The final speaker for the evening was Richard Wormald. Unknown to many of us, Richard is both a keen photographer and a diver. He has coupled these two hobbies into one – although he admits his diving is less freqent than it used to be. He even spent time as a diving instructor with the motto “no conditions were too bad!“ . His inspiration for diving came from the TV program Sea Hunt (does that show his age?) – you can see the similarity between Richard and Lloyd Bridges can’t you? By the way, I had to rope him into this talk at short notice, but Richard dutifully scanned many of his slides in and shared them with us – apparently reviving many good memories (as his wife Jenny told me!)
So onto Richard’s presentation which firstly described some of the difficulties in underwater photography including refraction, object magnification (making focusing even harder), particle scatter (clouding the image), colour absorption (ever notice that blue cast? Red has been lost!) making it necessary to use a high power flash, and importantly that fact that you can’t change lenses – so is going to be a macro day or not?
Still, he obviously overcame a lot of those issues with some superb images of corals, filter feeding animals, nudi banks, anenomes, clown fish (Nemo!), feather stars and basket stars. Wow! Amazing creatures and so colourful and textured! Richard told us stories of trips to the Great Barrier Reef – 70km off shore and swimming with the risks of white tip sharks (not aggressive in the area they went to but they are elsewhere), sea snakes (like the Olive snake – super venomous – but with short fangs thankfully), using the anchor line to get back as divers tire, infection from the warm humid environment (don’t cut yourself on the coral). He also shared the story of Humphrey – the Groper, and that image of the giant clam they staged (check out the slides above).
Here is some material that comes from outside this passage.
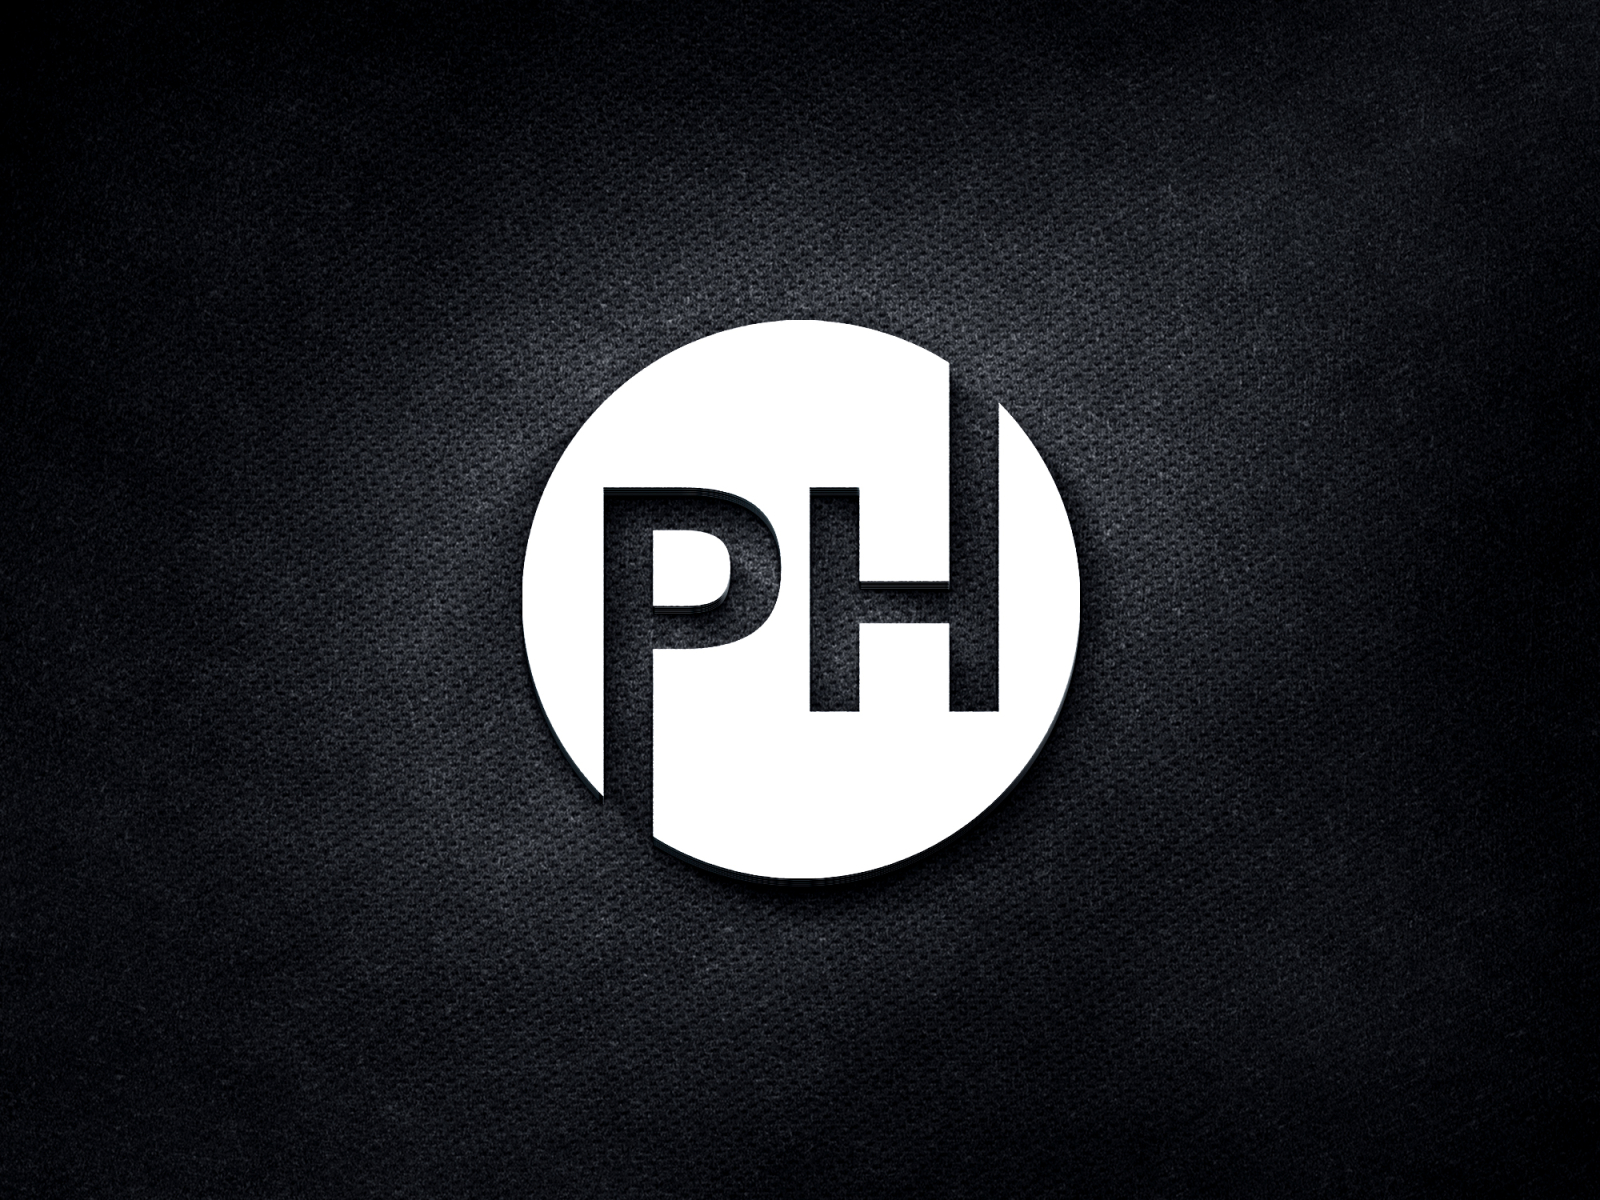 4,812 Ph Logo Images, Stock Photos, 3D objects, & Vectors | Shutterstock

We also heard stories of cave diving, including the need for dry suits (it’s mighty cold down there), safety lines (visibility is minimal if you stir up the silt – 120 feet is usually the maximum distance), and the categories of cave. Not to mention more snakes, and the tiny spaces divers squeezed through – pushing air tanks ahead of them.
But the take home memory here was Richard descending into a hole on a ladder into a huge cave! Many of the cave images were stunning – and I’m glad Richard shared them with us along with those great images of the Great Barrier reef dive.
So a fascinating night – seeing what fires the passions of some of the clubs photographers. Many thanks to all three of you for sharing your work – and we look forward to seeing some more!